The task defining which pipeline will be returned. Currently accepted tasks are:
    
    - `"audio-classification"`: will return a [`AudioClassificationPipeline`].
    - `"automatic-speech-recognition"`: will return a [`AutomaticSpeechRecognitionPipeline`].
    - `"conversational"`: will return a [`ConversationalPipeline`].
    - `"depth-estimation"`: will return a [`DepthEstimationPipeline`].
    - `"document-question-answering"`: will return a [`DocumentQuestionAnsweringPipeline`].
    - `"feature-extraction"`: will return a [`FeatureExtractionPipeline`].
    - `"fill-mask"`: will return a [`FillMaskPipeline`]:.
    - `"image-classification"`: will return a [`ImageClassificationPipeline`].
    - `"image-segmentation"`: will return a [`ImageSegmentationPipeline`].
    - `"image-to-text"`: will return a [`ImageToTextPipeline`].
    - `"object-detection"`: will return a [`ObjectDetectionPipeline`].
    - `"question-answering"`: will return a [`QuestionAnsweringPipeline`].
    - `"summarization"`: will return a [`SummarizationPipeline`].
    - `"table-question-answering"`: will return a [`TableQuestionAnsweringPipeline`].
    - `"text2text-generation"`: will return a [`Text2TextGenerationPipeline`].
    - `"text-classification"` (alias `"sentiment-analysis"` available): will return a
      [`TextClassificationPipeline`].
    - `"text-generation"`: will return a [`TextGenerationPipeline`]:.
    - `"token-classification"` (alias `"ner"` available): will return a [`TokenClassificationPipeline`].
    - `"translation"`: will return a [`TranslationPipeline`].
    - `"translation_xx_to_yy"`: will return a [`TranslationPipeline`].
    - `"video-classification"`: will return a [`VideoClassificationPipeline`].
    - `"visual-question-answering"`: will return a [`VisualQuestionAnsweringPipeline`].
    - `"zero-shot-classification"`: will return a [`ZeroShotClassificationPipeline`].
    - `"zero-shot-image-classification"`: will return a [`ZeroShotImageClassificationPipeline`].
    - `"zero-shot-object-detection"`: will return a [`ZeroShotObjectDetectionPipeline`].

## Classification 

### Default Models

In [4]:
pipe = pipeline(task="text-classification",device=0)
pipe("This restaurant is ok")

No model was supplied, defaulted to distilbert/distilbert-base-uncased-finetuned-sst-2-english and revision af0f99b (https://huggingface.co/distilbert/distilbert-base-uncased-finetuned-sst-2-english).
Using a pipeline without specifying a model name and revision in production is not recommended.
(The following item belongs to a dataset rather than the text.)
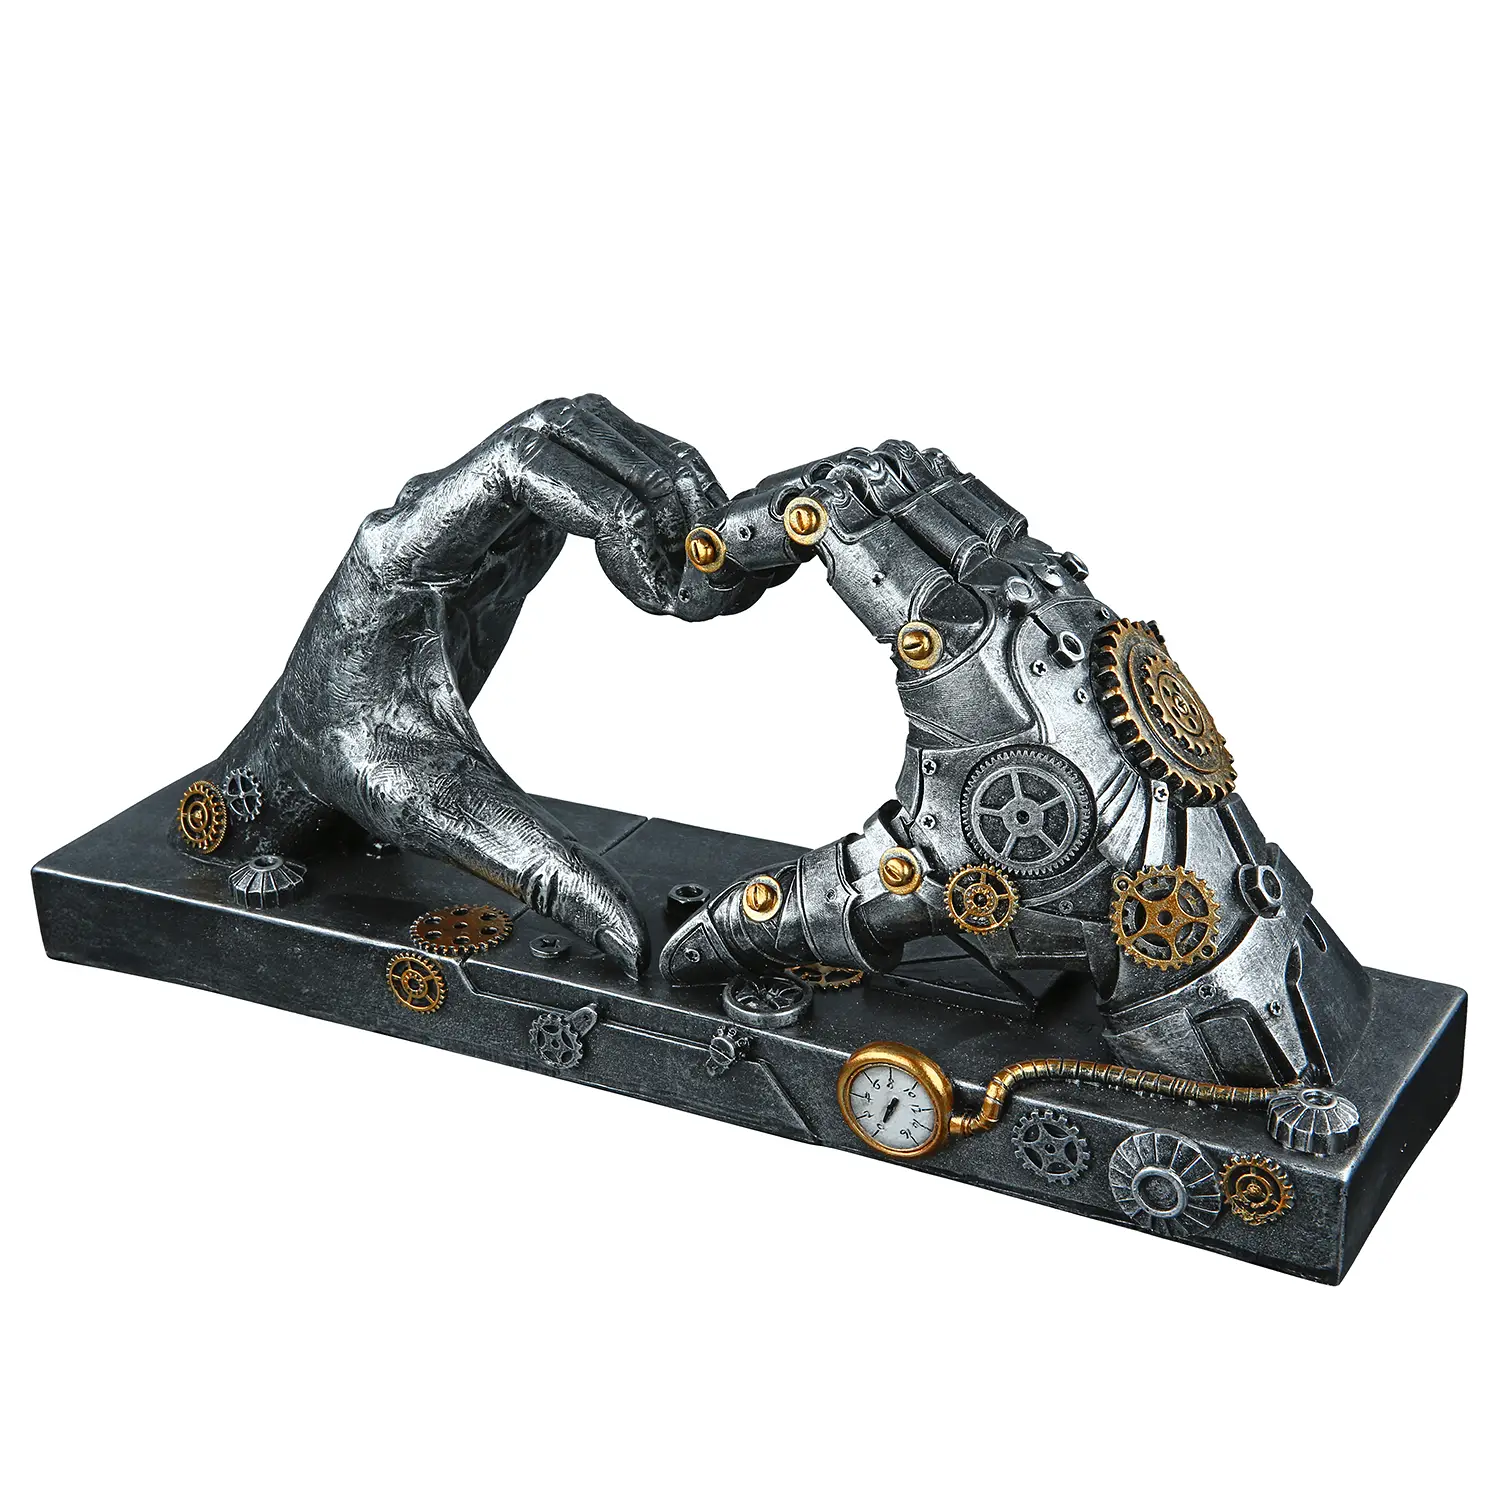 Steampunk Skulptur Hand

[{'label': 'POSITIVE', 'score': 0.9998236298561096}]

### Specific Models

Perhaps you want to use a different model for different categories or text types, for example, financial news: https://huggingface.co/ProsusAI/finbert

You can explore more details in the paper: https://arxiv.org/pdf/1908.10063

In [5]:
pipe = pipeline(model="ProsusAI/finbert")

huggingface/tokenizers: The current process just got forked, after parallelism has already been used. Disabling parallelism to avoid deadlocks...
	- Avoid using `tokenizers` before the fork if possible
	- Explicitly set the environment variable TOKENIZERS_PARALLELISM=(true | false)
Hardware accelerator e.g. GPU is available in the environment, but no `device` argument is passed to the `Pipeline` object. Model will be on CPU.


In [6]:
pipe("Shares of food delivery companies surged despite the catastrophic impact of coronavirus on global markets.")

[{'label': 'positive', 'score': 0.9350943565368652}]

In [7]:
tweets = ['Gonna buy AAPL, its about to surge up!',
          'Gotta sell AAPL, its gonna plummet!']

In [8]:
pipe(tweets)

[{'label': 'positive', 'score': 0.523411750793457},
 {'label': 'neutral', 'score': 0.5528597831726074}]

# Named Entity Recognition

Let's explore another NLP task, such as NER - Named Entity Recognition

**Note, this is a much larger model! If you run this it will download about 1.5 GB on to your computer inside of a cache folder!**

In [9]:
pipe = pipeline(task="text-classification")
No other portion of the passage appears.